PHPHtmlParser is a fast, convenient, and simple page parser which allows you to use any data of page, such as header, redirects, code status, variant meta tag, H tags, image attributes, links and so on. The goal is to assist you that parse different pages without any problem and use categorized data in your programs.
Let's get started ...
This package can be found on packagist and is best loaded using composer. We support php 5.0, 7.0. The recommended way to install Php-Html-Parser is through Composer.
composer.phar
"require": {
"seosazi/php-html-parser": "^1.0"
}
or
composer require seosazi/php-html-parser
Using this class is simple and it is enough to put your page address to get different information of it. The following example is a very simplistic usage of the package.
// Assuming you installed from Composer:
use PHPHtmlParser\Crawl\WebPageProcessor;
require_once '/vendor/autoload.php';
$data = WebPageProcessor::onePageProcessed('https://www.your-website.com');
var_dump($data->getH1Tag());//get array of H1 tag
var_dump($data->getExternalLinks());//get array of all external link (Url class)

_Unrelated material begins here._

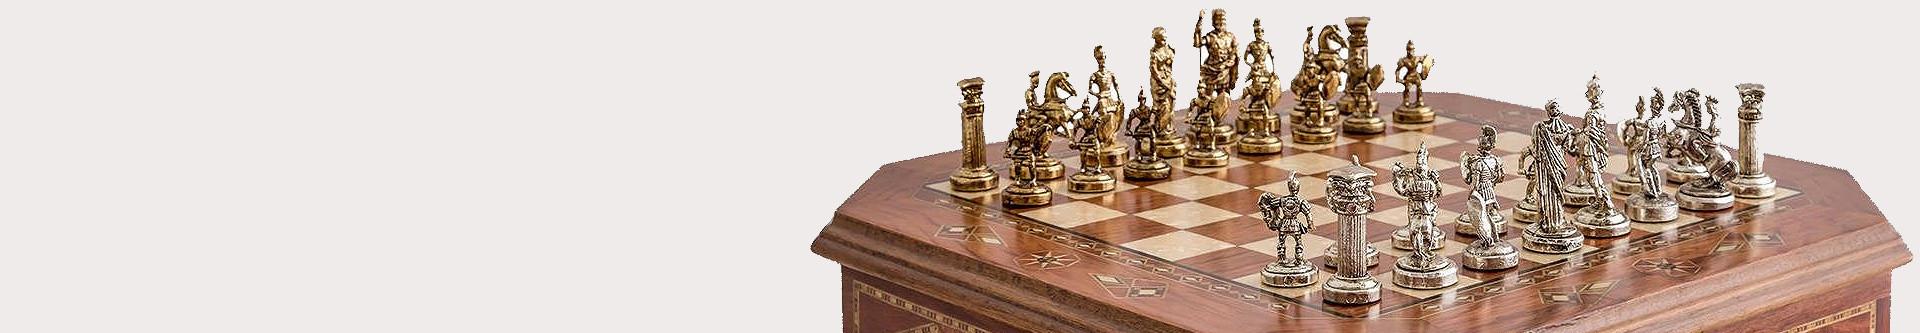 Подарочные шахматы - купить в интернет-магазине настольных игр ручной работы ❤
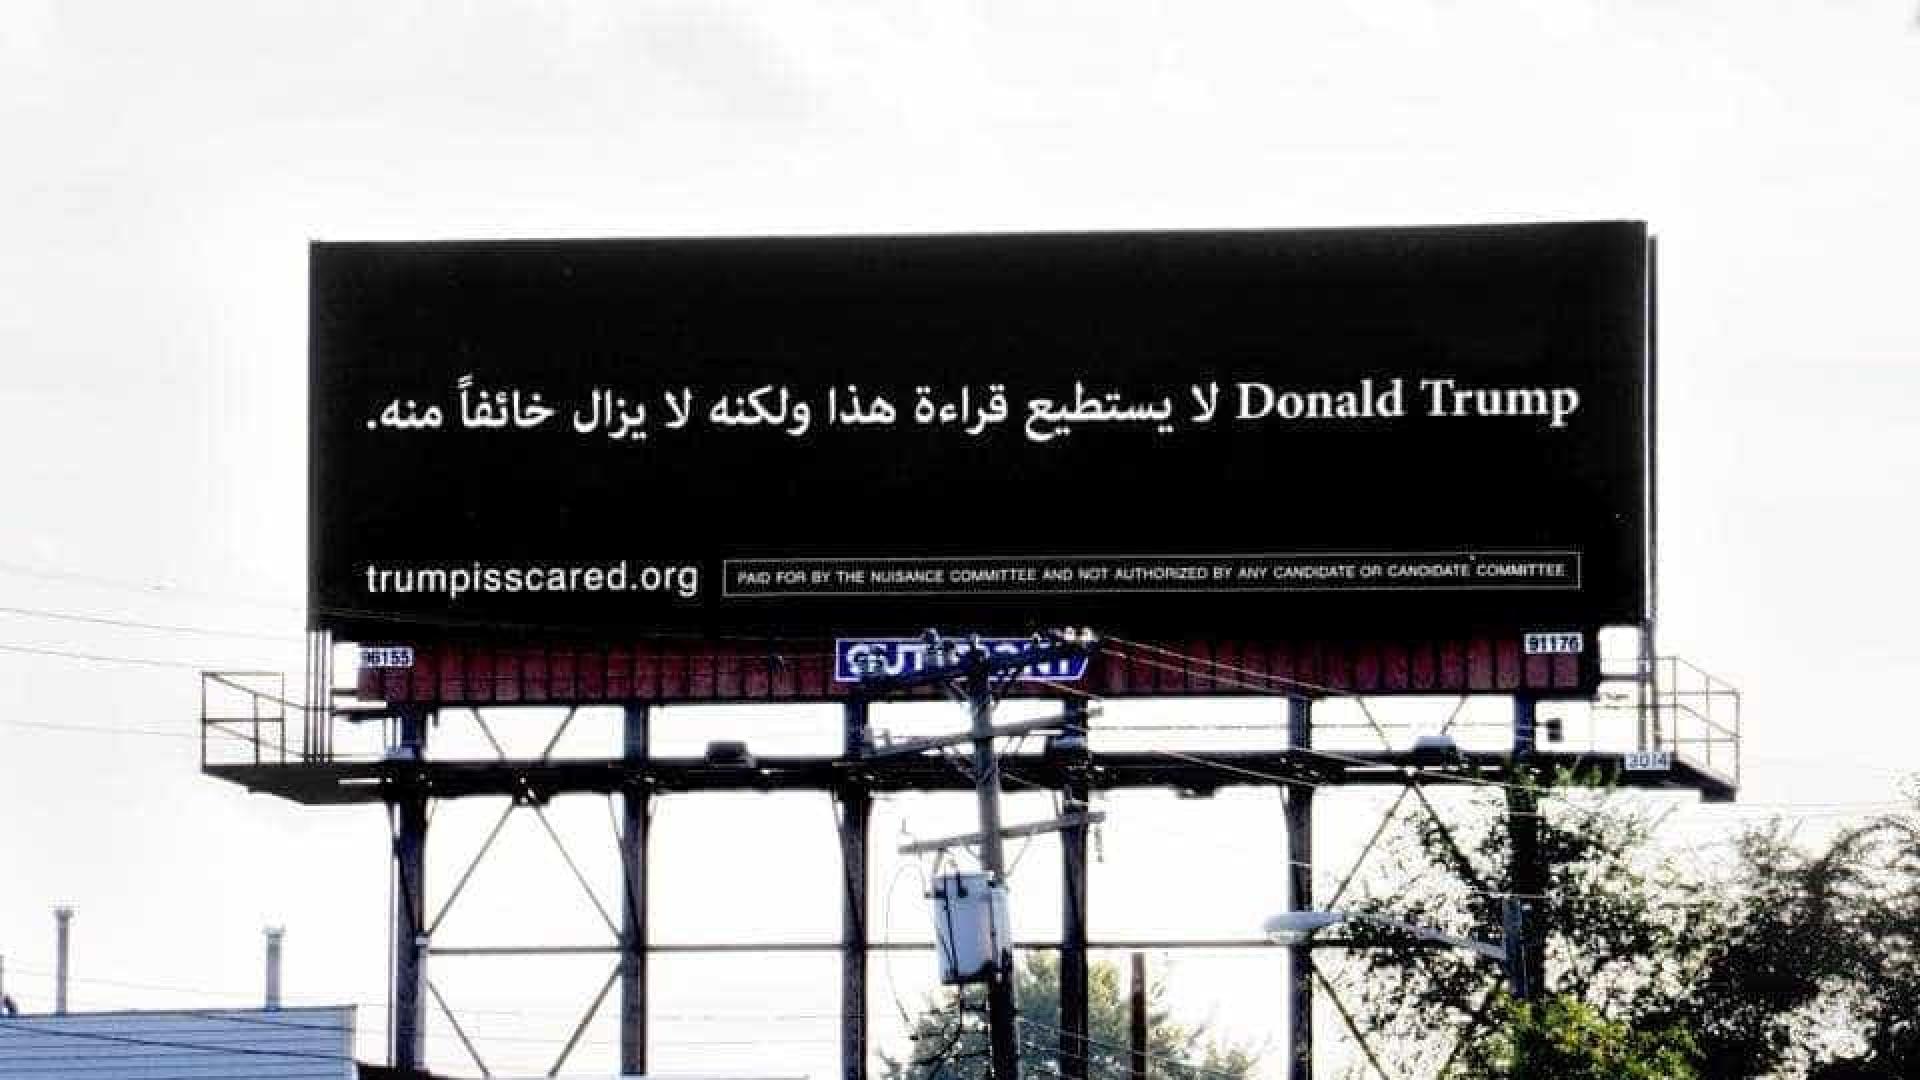 Este cartaz promete assustar Donald Trump

var_dump($data->getImageAlt());//get array of all image address and alt tag of them
var_dump($data->getHeader());//get array of header parameters
Parameter | Description |
---|---|
getUrlInfo | Get information about your Url, for example home address, last url after possible redirects and first url |
getHtml | Get page html |
getUrl | Get the url that you entered |
getStatus | Get the status code of your address, if the code is more than 600 it means that this address is inaccessible |
getHeader | Get an array of all header parameters, including Connection, Cache-Control, Set-Cookie, Vary, Content-Type, Transfer-Encoding, Date, Server, Alt-Svc, x-encoded-content-encoding, Keep-Alive, P3P, and so on. |
getUrlBeforeRedirect | Get the url before redirecting |
getRedirect | Get an array of all possible redirects, including header parameter, status code, url |
getBaseTag | Get base tag |
getHeaderContentType | Get url content type |
getBodyText | Get text in body tag |
getTitle | Get page title |
getKeywords | Get the meta keywords tag |
getDescription | Get the meta description tag |
getCanonical | Get a canonical tag |
getPTag | Get an array of all p tag |
getSpanTag | Get an array of all span tag |
getH1Tag | Get an array of all H1 tag |
getH2Tag | Get an array of all H2 tag |
getH3Tag | Get an array of all H3 tag |
getH4Tag | Get an array of all H4 tag |
getH5Tag | Get an array of all H5 tag |
getH6Tag | Get an array of all H6 tag |
getLiElement | Get an array of all Li element |
getImageAlt | Get an array of all image address with alt tag |
getAnchorTag | Get an array of all anchor text |
getLinks | Get an array of all links. for better use of link, the Url class was created for easy use with the url. more information |
getInternalLinks | Get an array of all internal links. for better use of link, the Url class was created for easy use with the url. more information |
getExternalLinks | Get an array of all external links. for better use of link, the Url class was created for easy use with the url. more information |
getEntireData | Get an array of all data |
We created the Url class to increase the quality and speed of using URLs. You can use this very simple.
$data->getUrlInfo()->getUrl();
// if anchor text exists
$data->getUrlInfo()->getAnchorText();
$data->getUrlInfo()->getFabricUrl();
$data->getUrlInfo()->getHomeAddress();
// if parent exists
$data->getUrlInfo()->getParent();
//get all information in array
$data->getUrlInfo()->getUrlInfoArray();